I have the Rem. 700 SPS w/hvy bbl. Love it. Trigger could use a little attention, the stock is not bedded, yet, but it shoots clovers @ 100yds as is. I have a Nikko Stirling Nighteater 6x24x44 on the top. I roll my own using 34gr. of Benchmark and a 55gr. Nosler BT and it is my pet load. Right now, I am working up a load for a 60gr. VMAX. At 60 yds its shoots a ragged hole. At 100yds, my last range day was windy, constant 10mph with 20mph gusts. I chose that day because i wanted to see if my 1:14TR would keep the heavier pill true in the wind. 3/4" MOA @ 100yds with the wind. I havent been out for the past few weeks due to mother nature and honey do lists. I do have pics if you would like to see them. The 1:14TR is not sposed to stabelize the heavier bullet but I enjoy learning things the hard way and so far, I am impressed. I have maxed out the powder limit (according to Hodgdon) and have no signs of the load being too hot. I am going to bump up the powder by .5gr at a time to see if more is better. Once I see that the load has REALLY maxed out, I will back off and see whats up. Its gonna be hard to beat what I have already. My goal is to get out to 400yds without have to dope the wind as much. If I see the 60gr bullet cant or tumble through the target, I will see for myself that the 1:14 TR is too slow. So far, so good. You can do so much with the 700 action that I think you made a good move. I have two 700s and love them both. Once I shoot out my 22-250 bbl, I will have a .308 put on and try some REAL long distance shots.


----------



## Savage260 (Oct 21, 2007)

After working my Rem 700 trigger(no need for a gunsmith even for a non X mark trigger) it is significantly better than the two timney triggers I have, but I don't have one on my ruger so I can't comment on that. Accuracy wise the Rem will out shoot the Ruger any day so you made the right choice.


----------



## KurtR (May 3, 2008)

powerfisher put a scope on it and it might really surprise you. nighteaters are junk at best.


----------



## Powerfisher (Jan 28, 2009)

Saving my pennies. At the time, the price was right and I have good enough clarity. I dont go past 16x. Too much distortion. Since I bought it, I have come to realize I dont need a 6x24. I will go with a Nikon next and then a Nightforce when I finish my Long Range Shooter. Thanks for the tip.


----------



## KurtR (May 3, 2008)

You are definatly on the right path going with the Night Force. There is only one draw back to getting the NF it is after you shoot with that you will want all your guns to have one


----------



## Savage260 (Oct 21, 2007)

I second that Kurt!!! My NF is WAAAAAYYY better than my old fav VXIIIs!!! I am saving for another!


----------



## AdamFisk (Jan 30, 2005)

Savage260 said:


> I second that Kurt!!! My NF is WAAAAAYYY better than my old fav VXIIIs!!! I am saving for another!
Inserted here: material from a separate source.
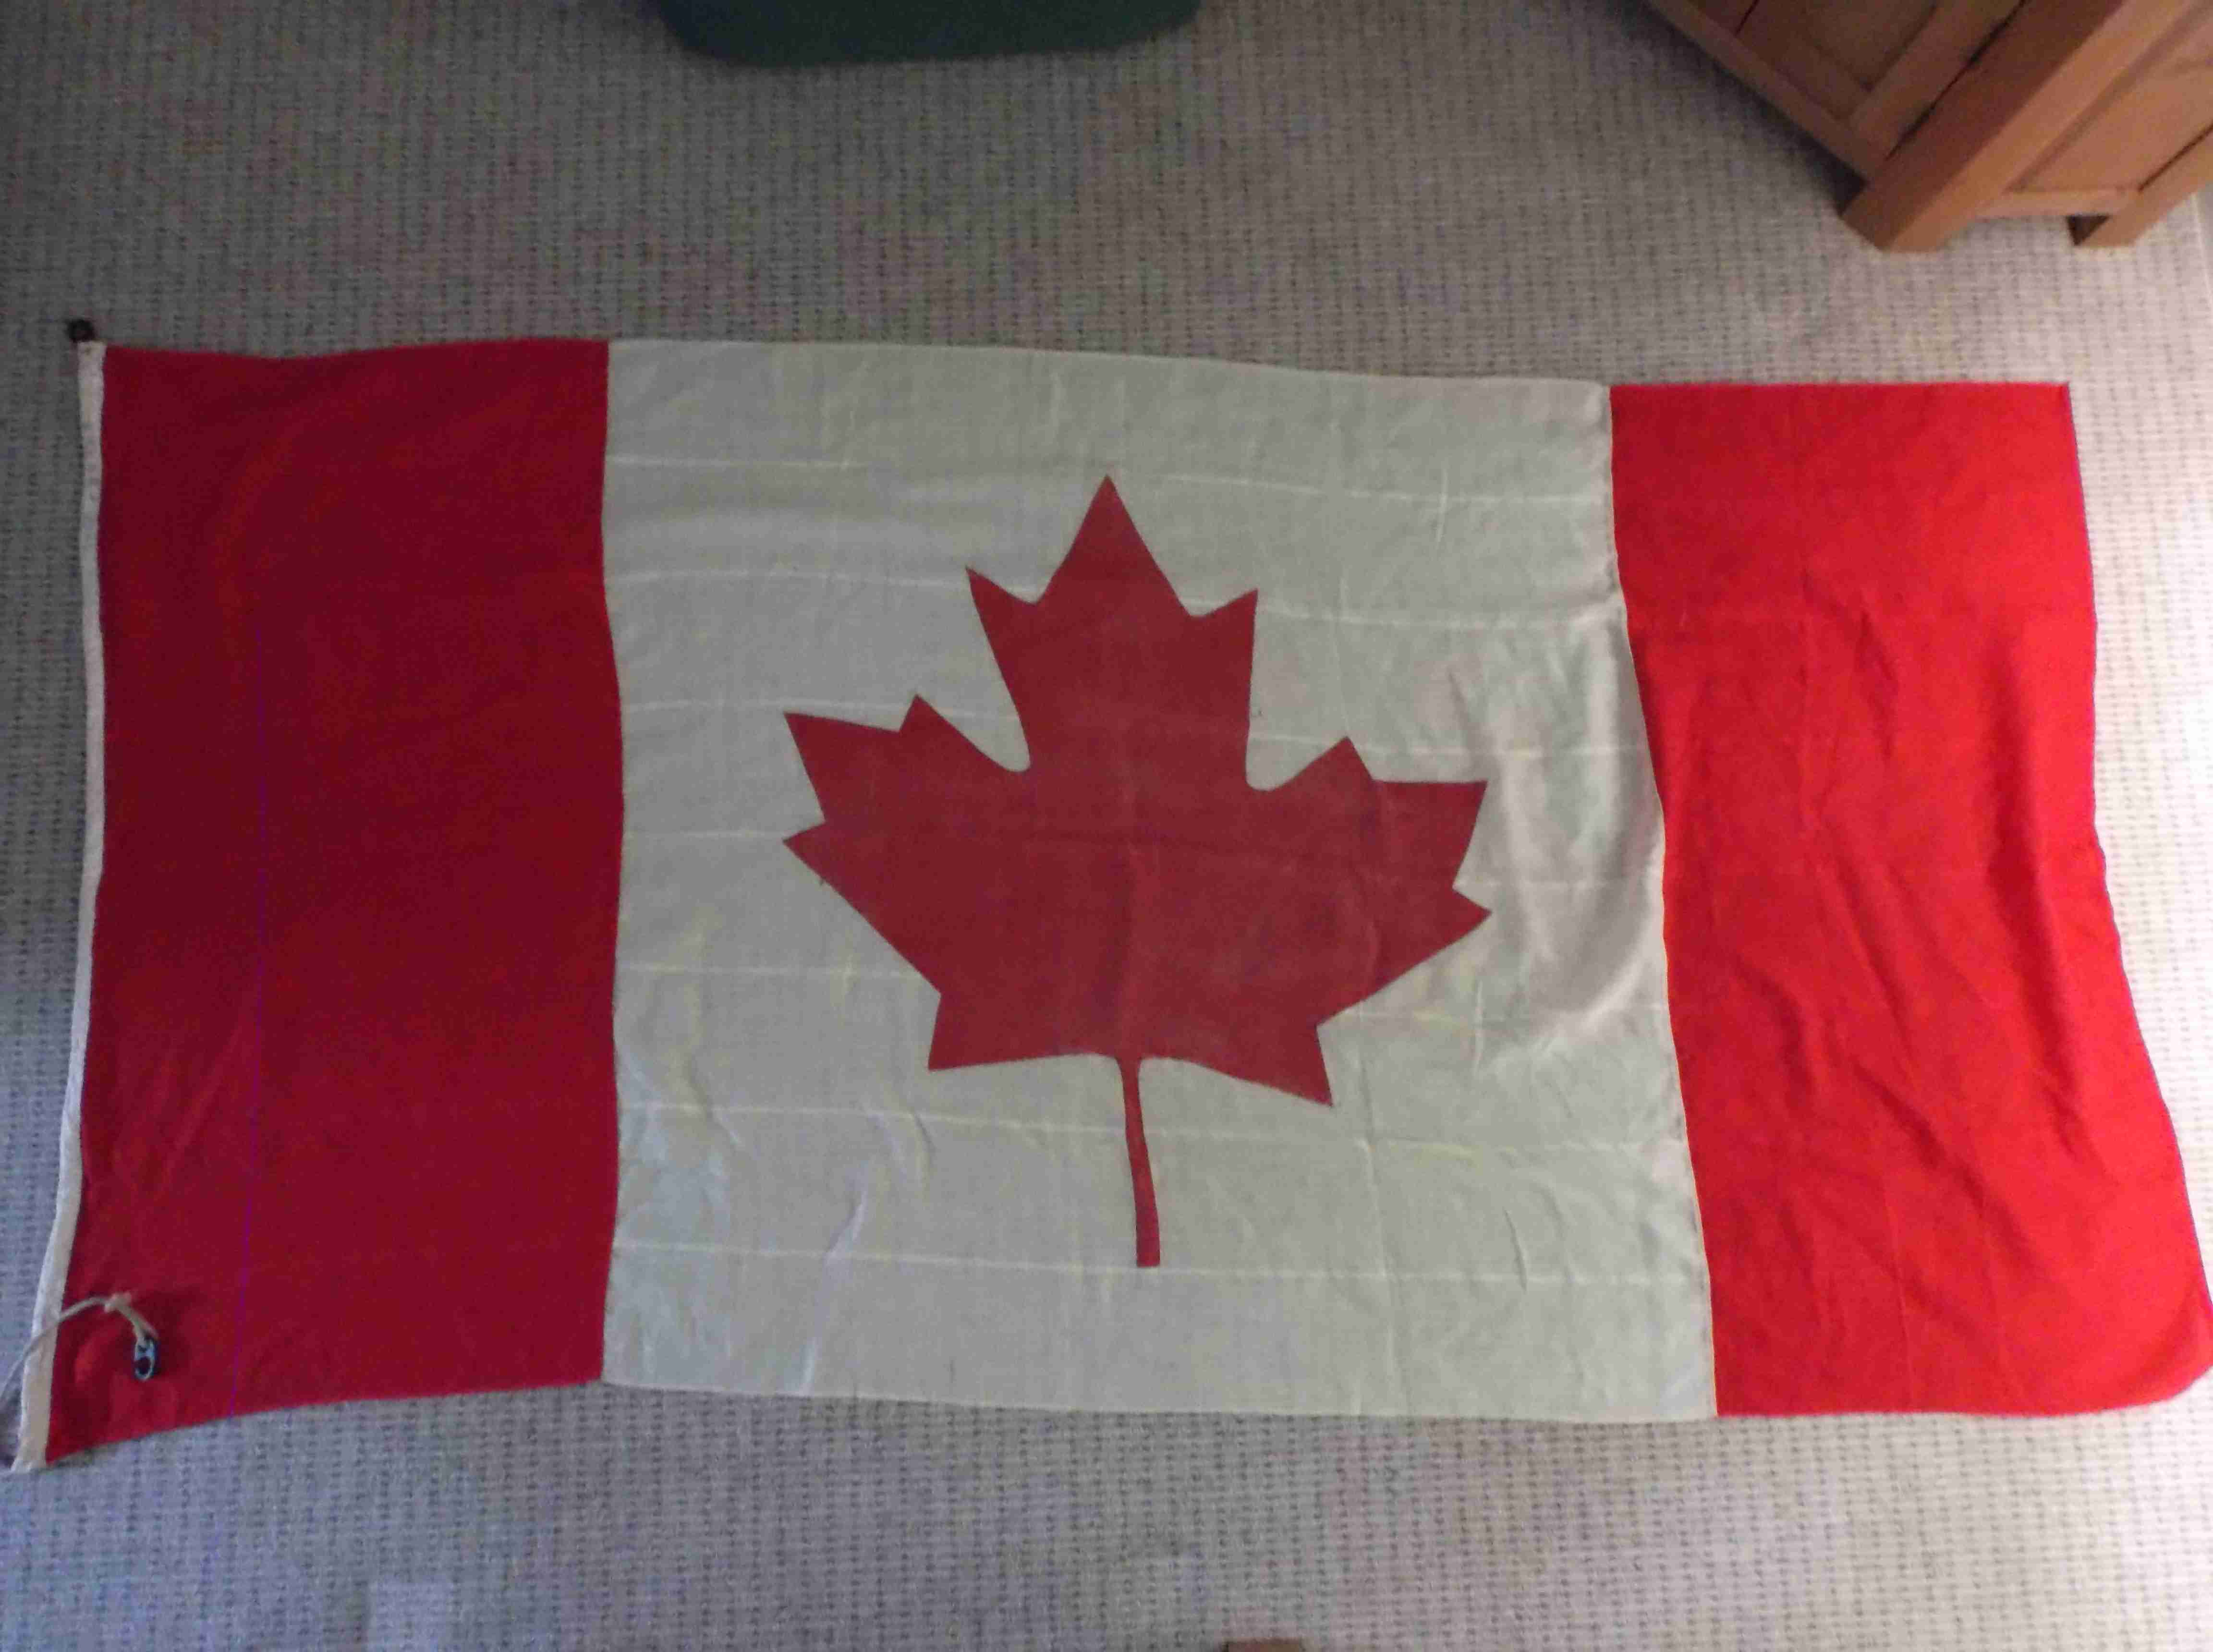 CANADIAN MERCHANT SHIPPING COMPANY HOUSEFLAG

So, is the glass that much better than the Mark 4, which is pretty much a VX3 with different reticles and turrets I beleive?

You get a FFP or SFP?


----------



## Savage260 (Oct 21, 2007)

I shot my Valdada IOR side by side with a friends Mark 4 at 910yds at a milk jug. The Valdada was definately clearer than the Mark 4, my NF is clearer than my IOR. It is a SFP


----------



## KurtR (May 3, 2008)

the nf has better glass better internals better adjustments and better toughness. Saw a picture where a guy in the sand box took a ak round through the tube and it still functoned.


----------



## People (Jan 17, 2005)

A guy took a AK round in a sandbox. He better move to a better area. I sure hope that was not in ND.
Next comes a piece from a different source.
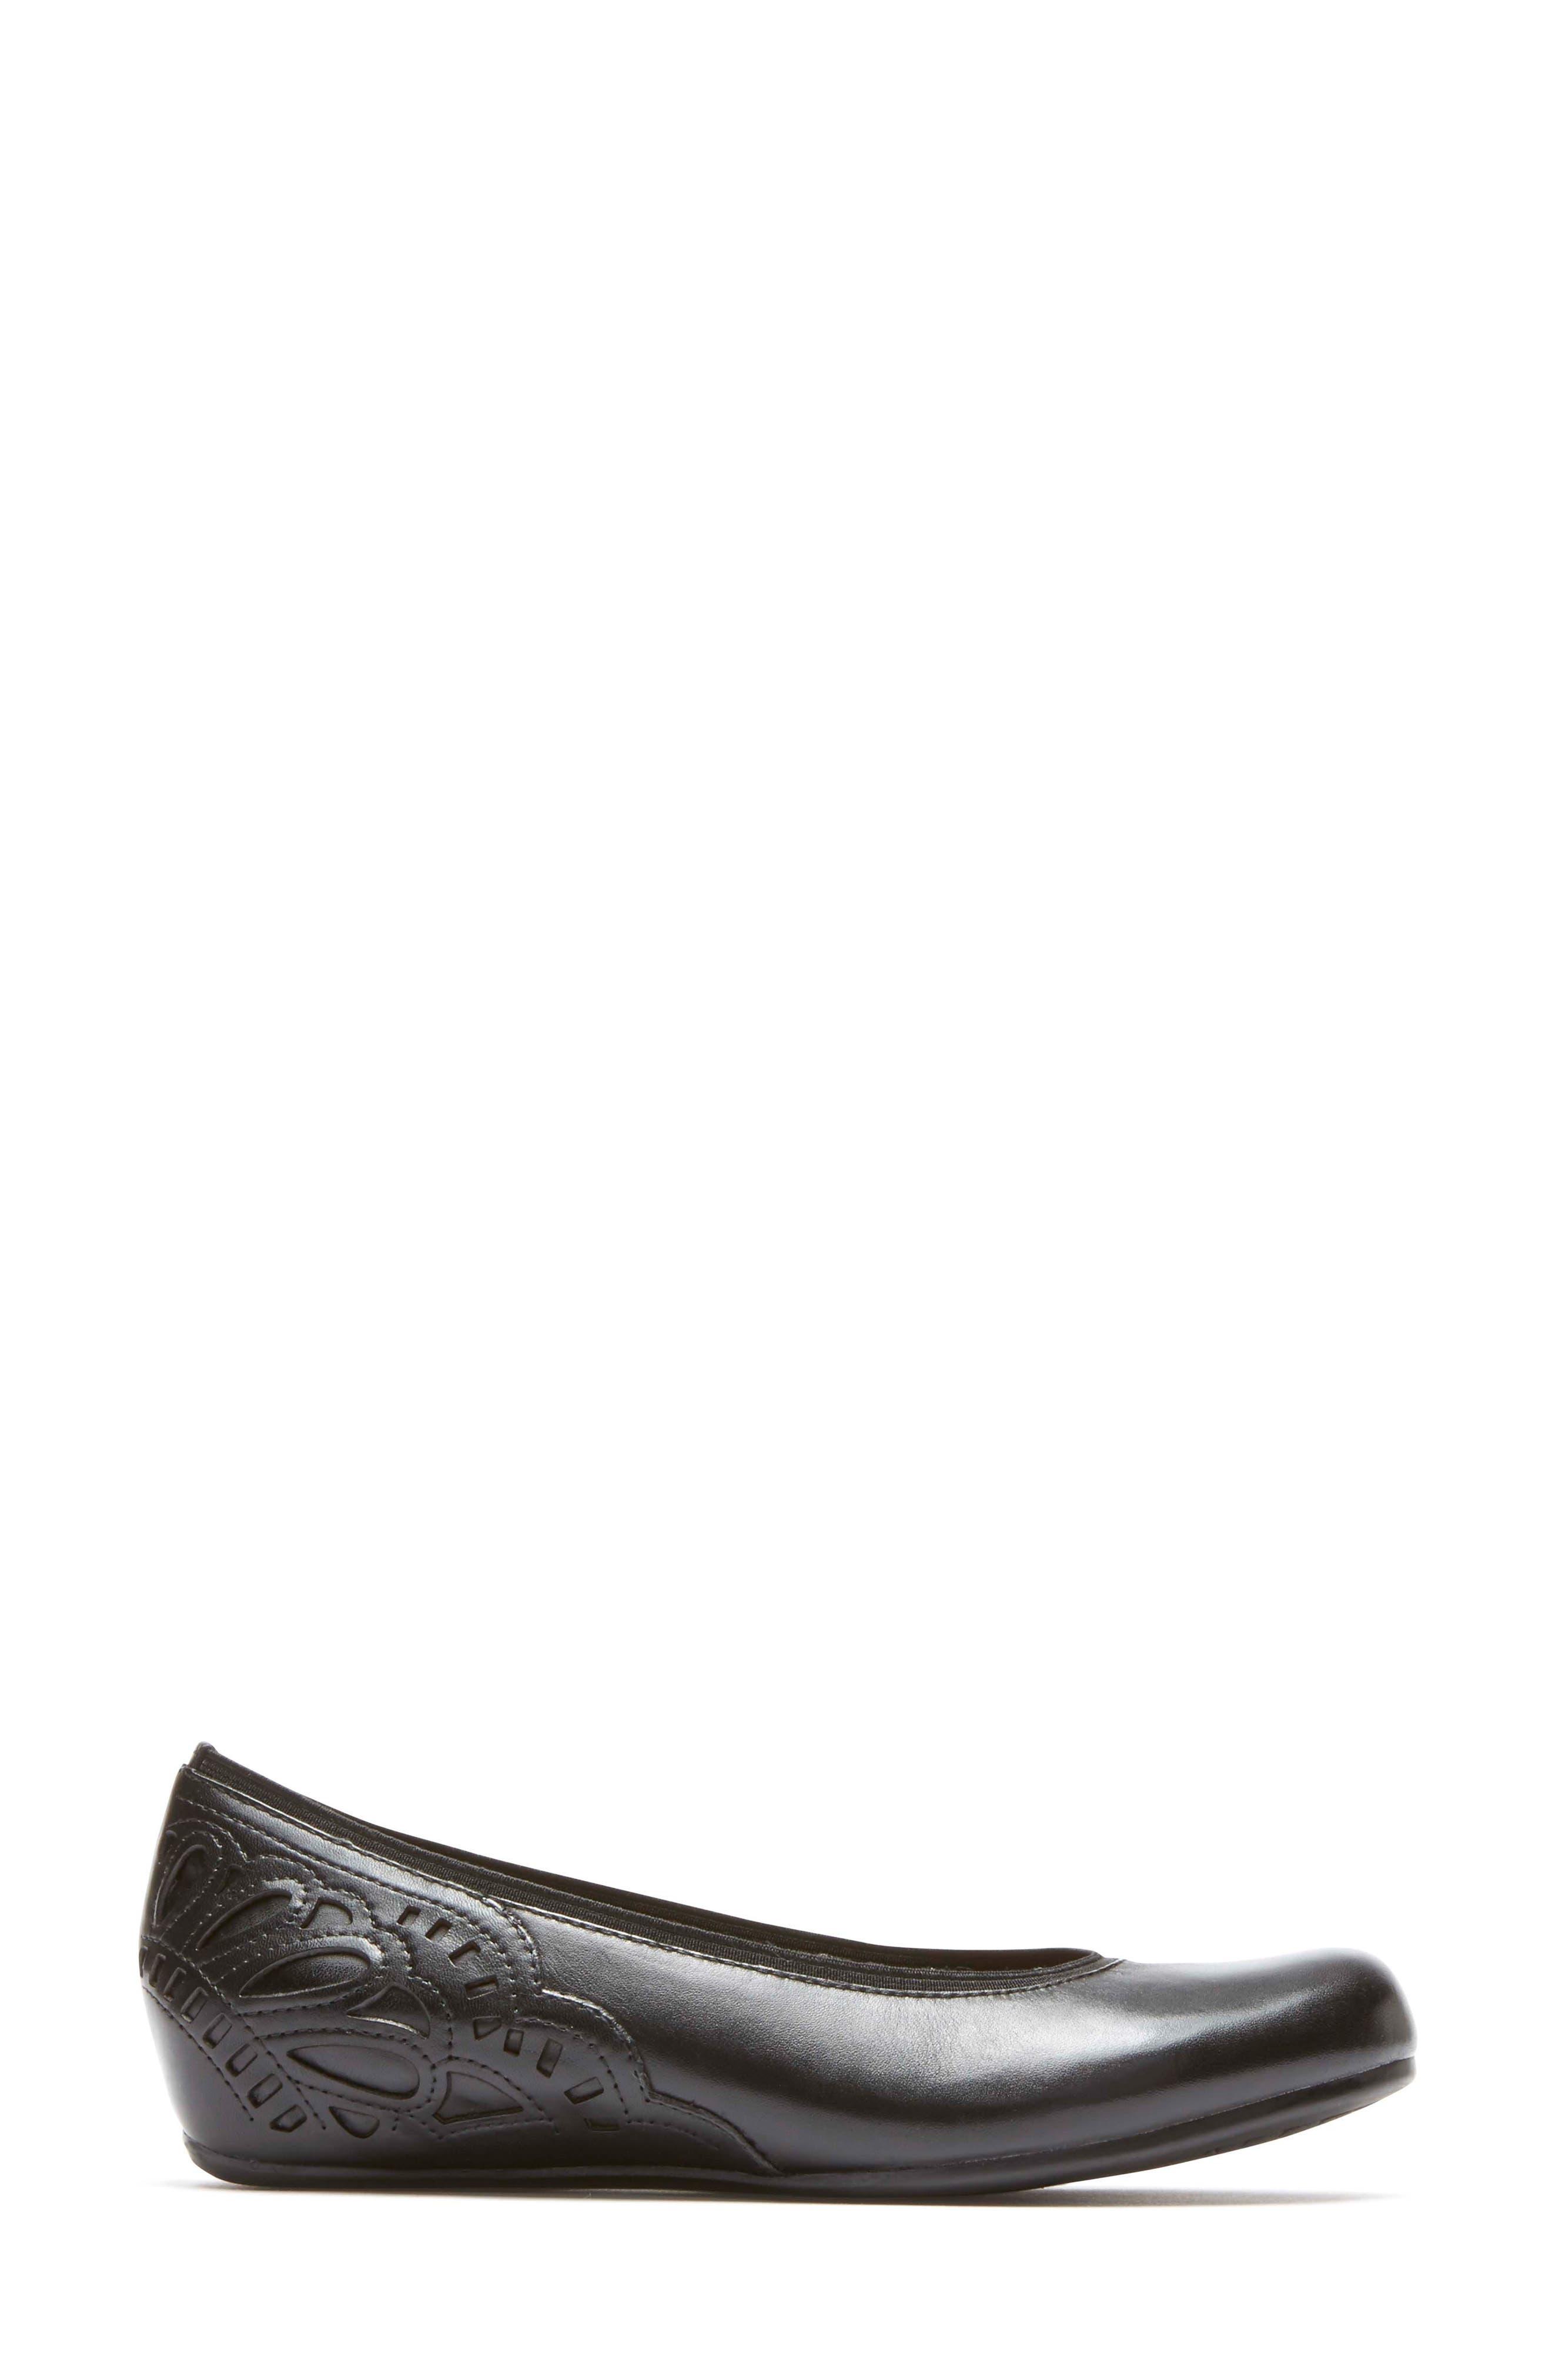 Sharleen Wedge Pump,                             Alternate thumbnail 3, color,                             Black Leather

When Chuck Norris works out on the Total Gym, the Total Gym feels like it's been raped.


----------



## KurtR (May 3, 2008)

Sandbox=iraq or afganistan smart ***, alot of the the soldiers have used there own money to put NF on weapons they use.


----------



## People (Jan 17, 2005)

Yes I was having a little fun. I have a few firends that went there and they all called it the sandbox. That is untill I asked them a few questions. Now they all refer to it by name or the buttcrack of earth a few call it the armpit.


----------



## KurtR (May 3, 2008)

i was saying that as i would to my freinds. So hard to get when your joking around on the computer.


----------



## AdamFisk (Jan 30, 2005)

Finally got my SPS Stainless 22-250 to the range today. It was shooting .5moa at 200 with handloads. The X-Mark Pro is crap. It will be getting replaced in the very near future. The trigger is nice and crisp, but just can't adjust it low enough. I have a Sako 308 that consistenly pulls 2lbs, and the X-Mark felt like twice that. Both triggers have the ability to be adjusted externally with the turn of 1 set screw, and I adjusted that screw as light as I could.
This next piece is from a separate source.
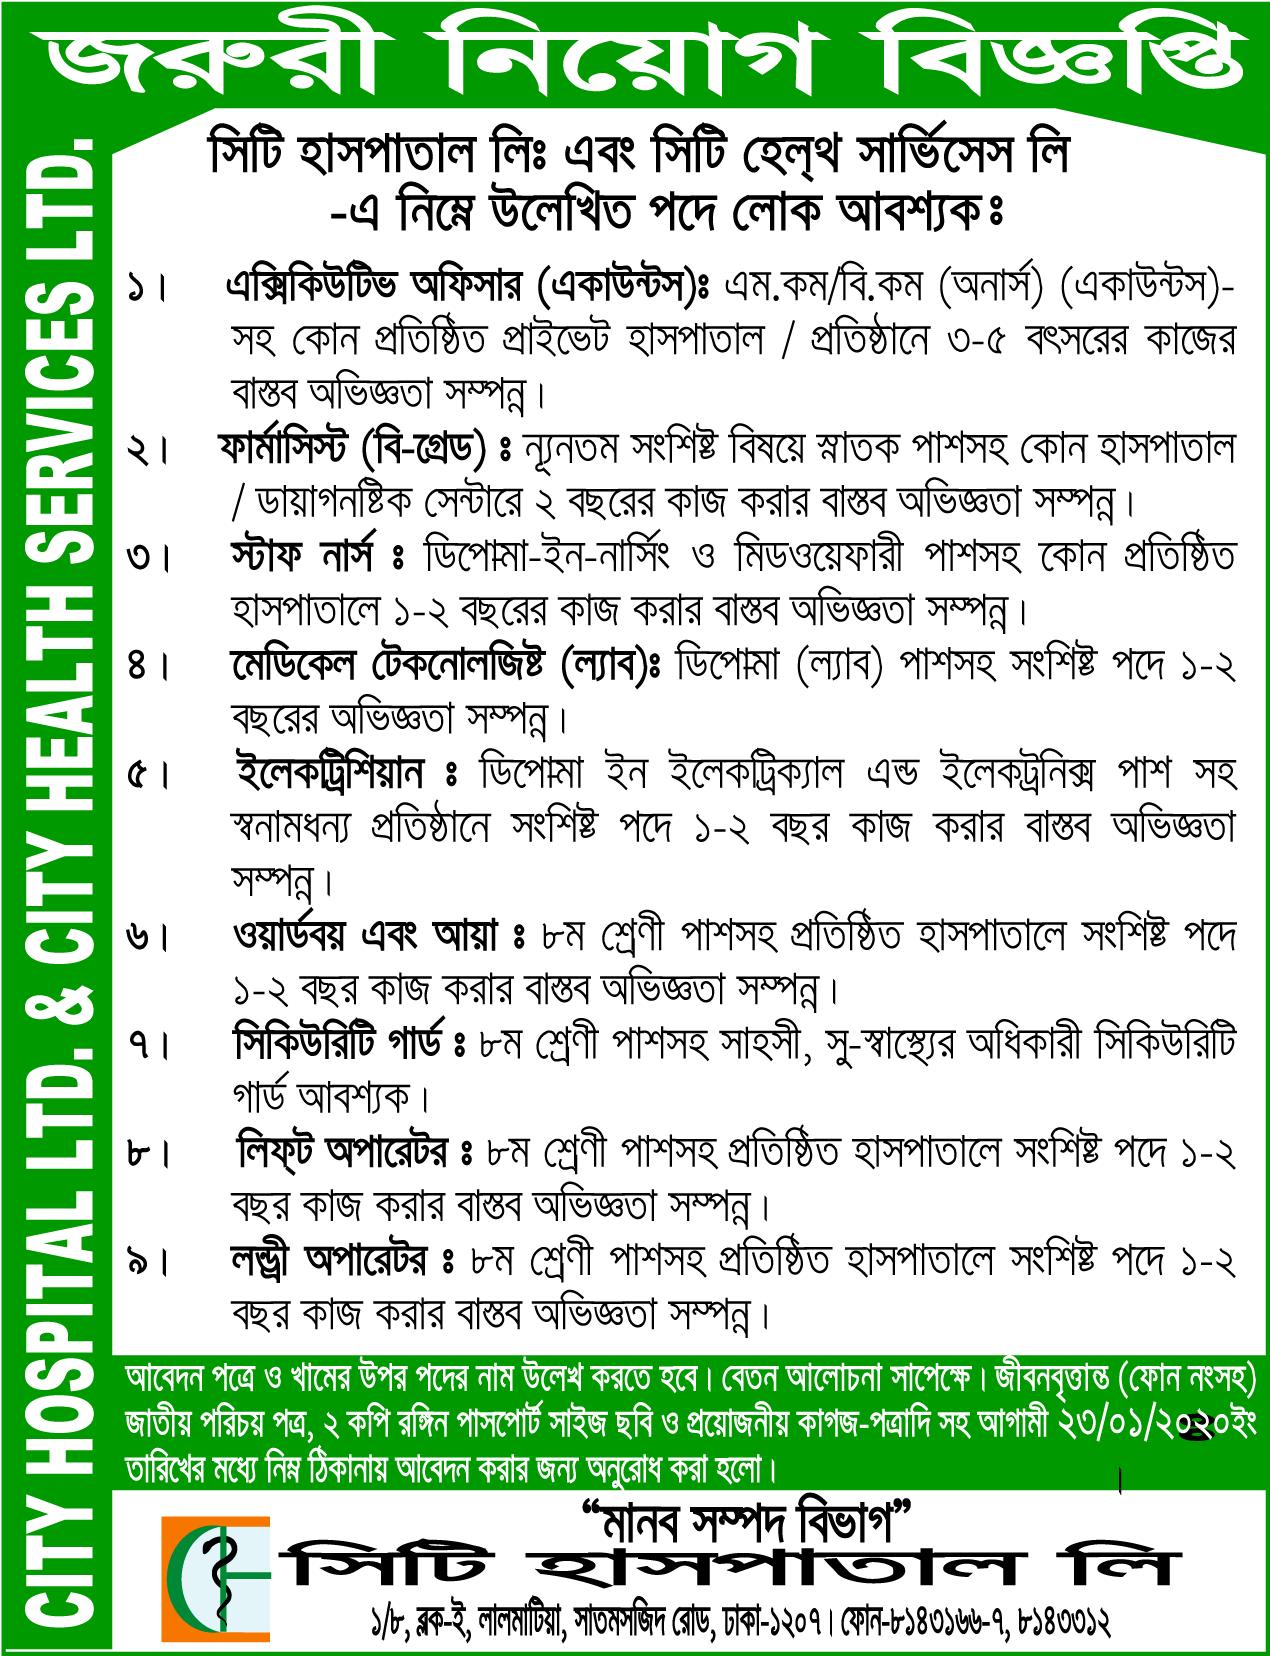 City Hospital Urgent Recruitment Notice

Disclaimer: the .5moa groups were not shot by me, but by a buddy of mine. I was struggling at 200 tonight for some reason, about MOA or just under (I blame it on the mosquitos). But since he regularly visits this site, I figured I'd better disclose that little bit of info. 

FYI - Jewell trigger for factory 700 with bolt release and right safety for $204, with free shipping.....

http://greatscottshooters.com/


----------



## KurtR (May 3, 2008)

Here is a link on triggers form the hide.
http://www.snipershide.com/forum/ubbthr ... ost1876929


----------



## ac700wildcat (Oct 30, 2006)

Adam, thats odd that you can't get the xmark trigger pull down to a decent weight. Mine is right at 2.5lbs and it could still probably go a bit farther. How are you adjusting it without the stock off? I definitely can't adjust mine with the stock on.


----------



## AdamFisk (Jan 30, 2005)

It's the X Mark Pro, they have a set screw ON the trigger that you adjust, without having to take the stock off. I'm sure if I knew anything about trigers I could take it out and file something to make it a little lighter, but I don't. I played around with it again last night, and got it a little lighter, but not much. Not only that, I have that screw turned out so far it's either about ready to fall out, or it's annoying as hell feeling it everytime you go for the trigger. I'd imagine with gloves on, it would eventually snag at some point.


----------



## ac700wildcat (Oct 30, 2006)

I just found that there are a few different xmark pro triggers, which would explain why I can't adjust mine without taking the stock off. Mine has to be adjusted with the stock off and is similar to the older remington triggers. They must have went to the externally adjustable triggers after I bought mine.


----------